Even though the news that Alexander Wang is the next creative director at Balenciaga has had the weekend to sink in, it doesn’t feel quite like reality. Wang rose to fame mostly on the wearability and relatively accessible price point of his downtown-cool sportswear and handbags, while Balenciaga’s departed designer/genius Nicolas Ghesquiere earned a reputation for industry-leading innovation, exceptional technical skill and an embrace of fashion’s intellectual side. (Oh, and a decade-plus of Motorcycle Bag success didn’t hurt, either.) The two have seemingly little to do with each other.
To me, Wang seemed (and to a certain extent, still seems) like an inappropriate choice to fill Ghesquiere’s shoes; the two men are completely different brand leaders in both aesthetic and approach. It seems like giving Wang the nod indicates that PPR wishes to take the French house in a more consumer-friendly direction; after all, Wang has proved himself an expert at figuring out exactly what luxury customers want to buy, which can be a weakness of designers who are more focused on abstract ideas and exacting execution. Finding both those qualities in one designer is rare, to say the least.
The more I’ve thought about it, though, the more the two designers’ aesthetics seem to converge in an area that’s not only very important to those of us at this site, but to the overall financial health of almost any fashion brand: handbags. I’ve bought and carried multiple bags from both brands, and although I hadn’t really thought about it before this news emerged, the two are not all that different.

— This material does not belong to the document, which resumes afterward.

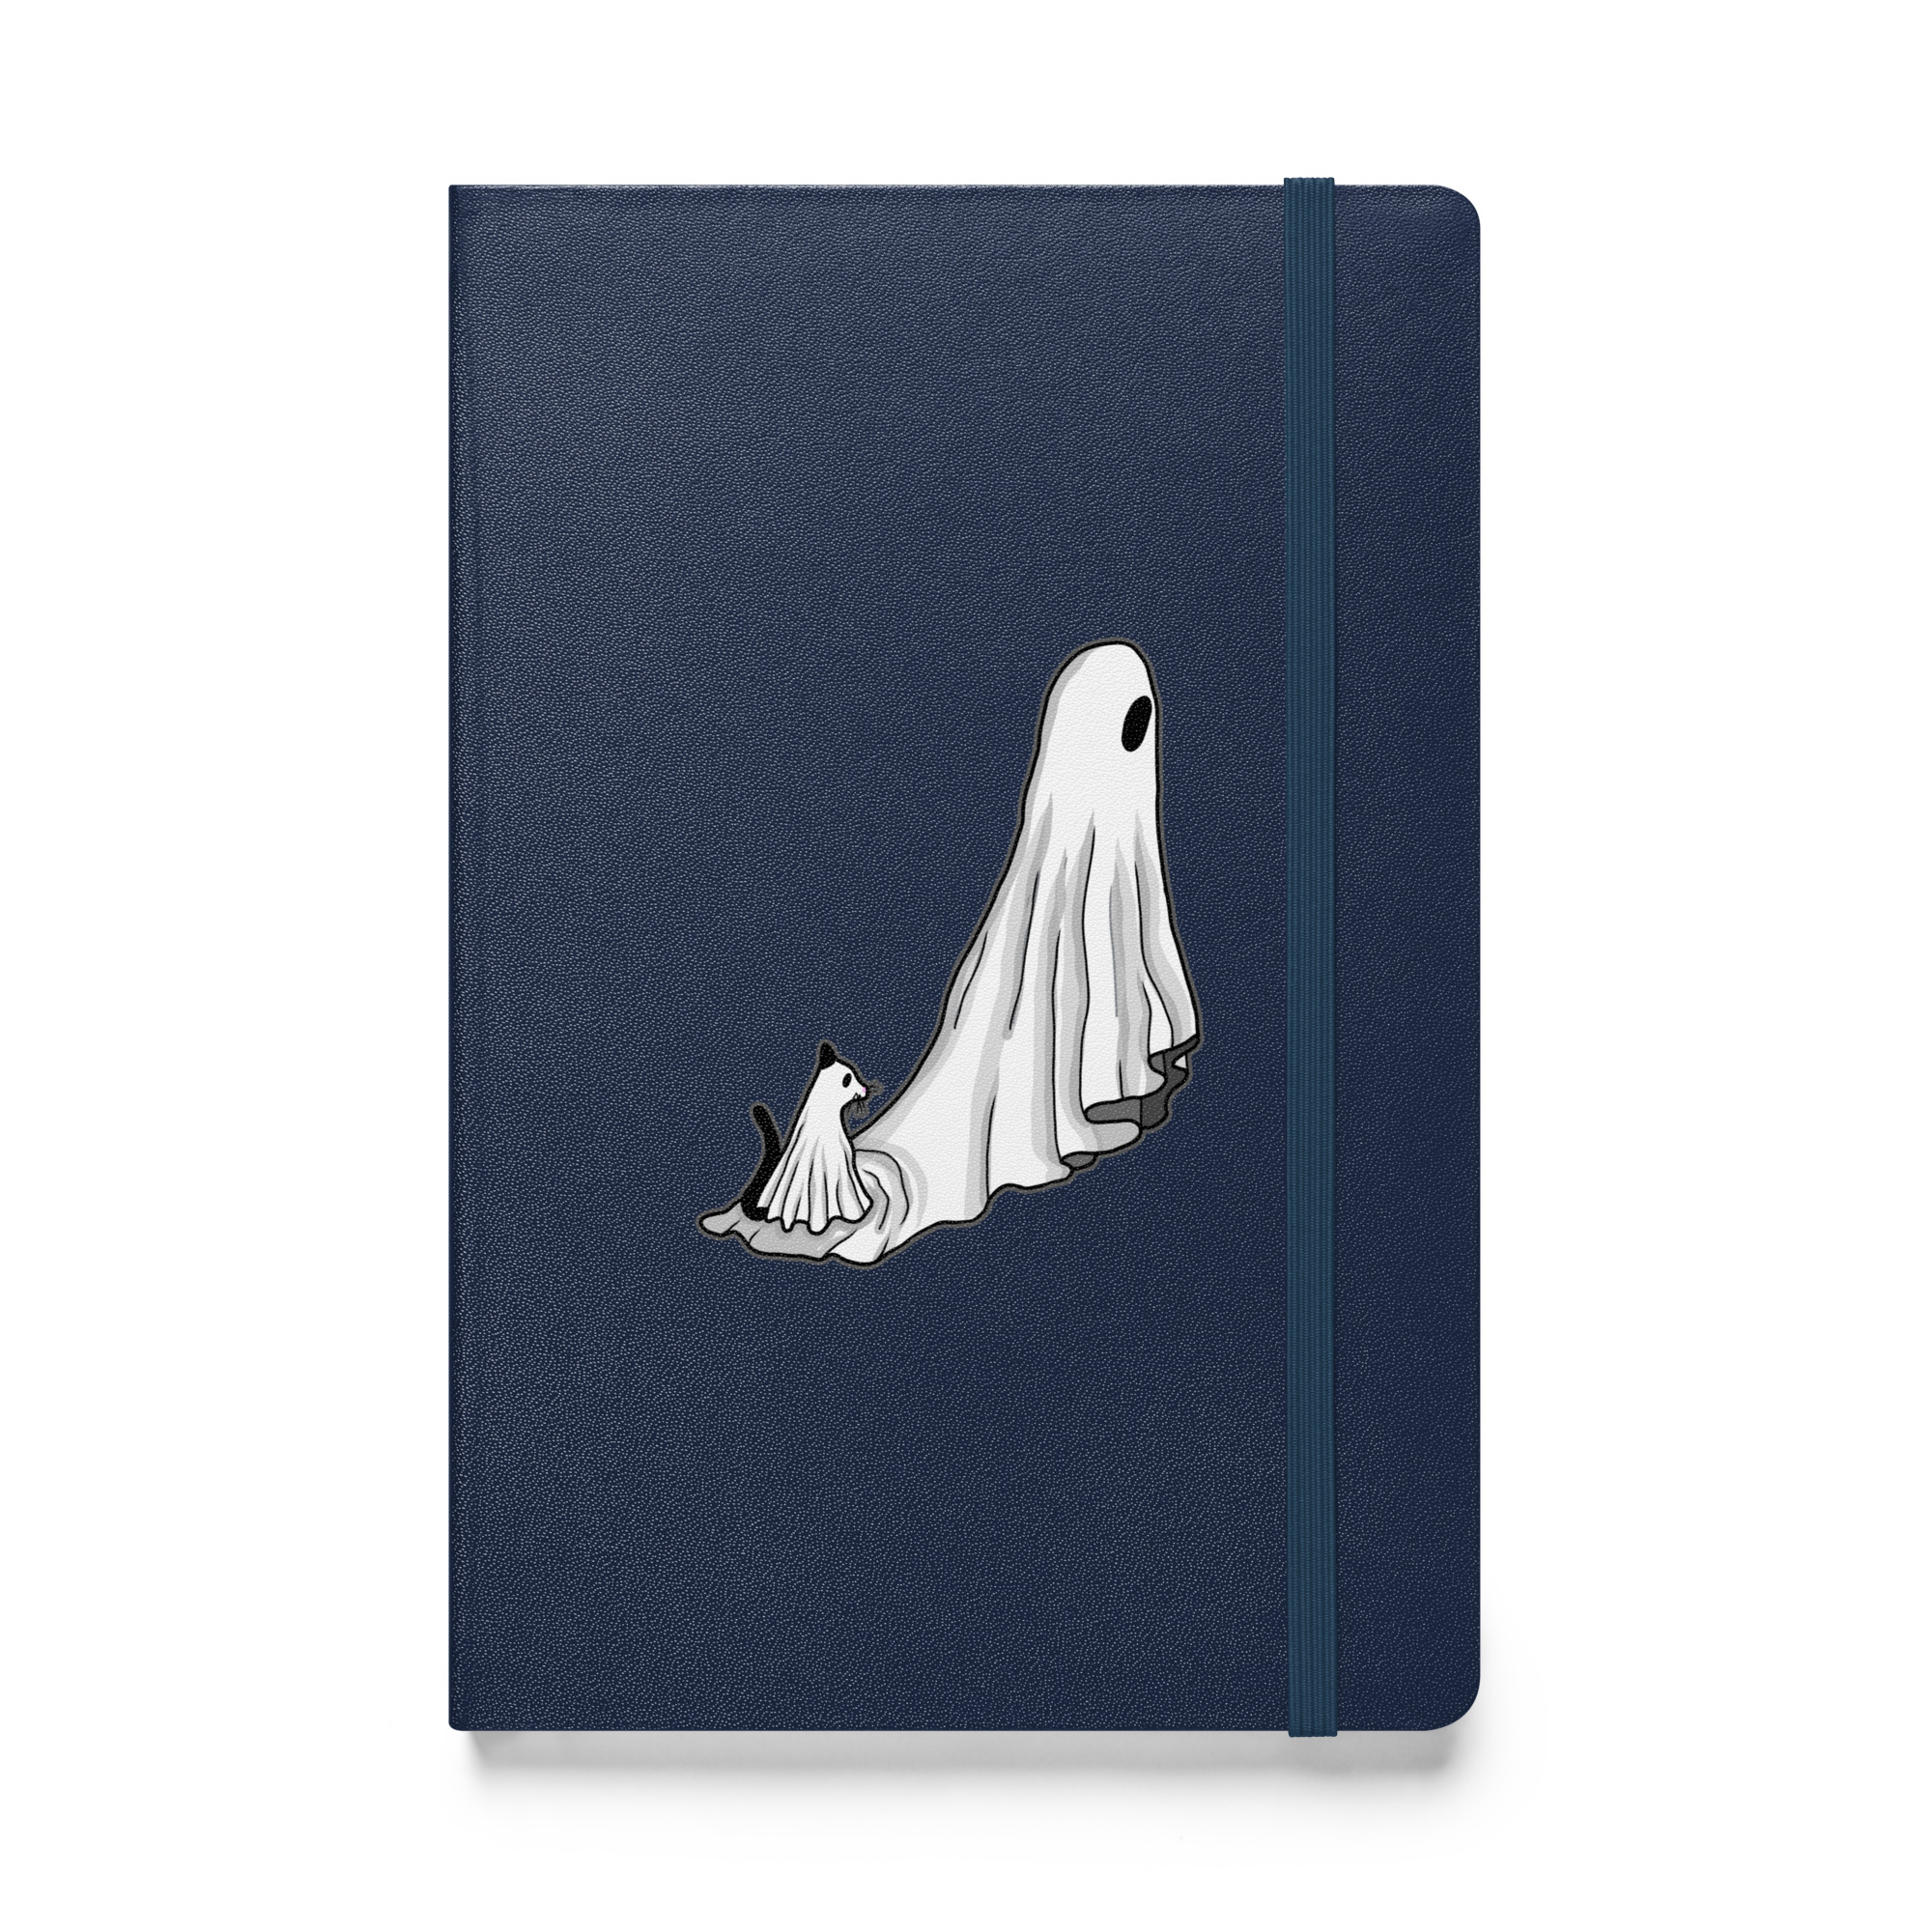 hardcover-bound-notebook-navy-front-6537e8d8bd3b0.jpg

Both Wang and Balenciaga do most of their accessories business by selling slouchy leather bags with tough, industrial-inspired hardware. The bags from both lines are then reissued in new colors and hardwares every season; the most successful designs have their shapes tweaked a bit in later seasons to provide consumers multiple options. Most brands incorporate a few of those techniques into their accessories strategies, but the similarities are more numerous than you’d expect when you look at the bag lines side-by-side, particularly considering how divergent the rest of the two brands are.

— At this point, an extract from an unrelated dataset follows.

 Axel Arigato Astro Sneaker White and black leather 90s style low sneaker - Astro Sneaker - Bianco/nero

On top of that, Balenciaga and Wang’s seasonal bags have begun to share aesthetic similarities in recent seasons. Wang’s Pelican line from Fall 2012, for example, has the taut leather and clean edges that characterize many of Balenciaga’s recent non-Motorcyle bags. Both of those moves may be attributable to larger accessories trends, but they’re notable because, improbably, both brands now have their accessories collections structured the same way – a foundation of casual, easy shoulder bags and satchels with edgy hardware, combined with seasonal lines of tight, modern totes and satchels.

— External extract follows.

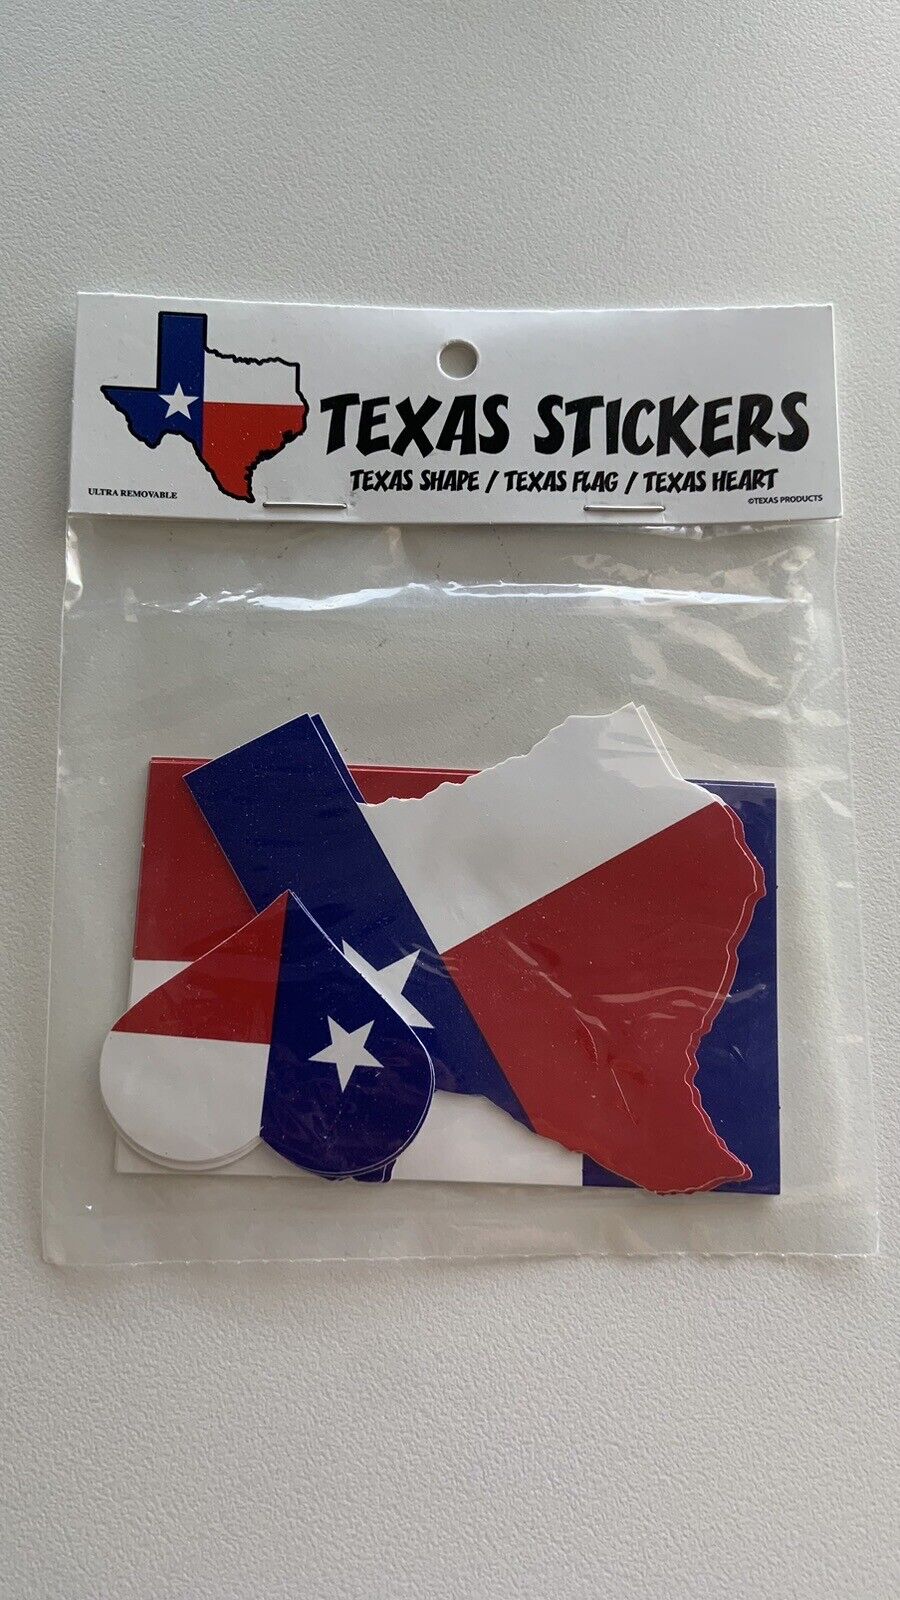 8 Texas Stickers, 2 Texas Hearts, 2 Texas Flags, 2 Texas Shapes

Ultimately, that should help Balenciaga bag lovers breathe a small sigh of relief. The Motorcycle bags, with their seemingly endless popularity, are likely going nowhere, at least in the immediate future. Not only would it be a bad business move to end the line right now, but it the bags likely won’t be contrary to Wang’s aesthetic vision at Balenciaga; after all, they’re pretty much in sync with it already.
What are your feelings on Alexander Wang’s move to Balenciaga? What do you think the link will be like?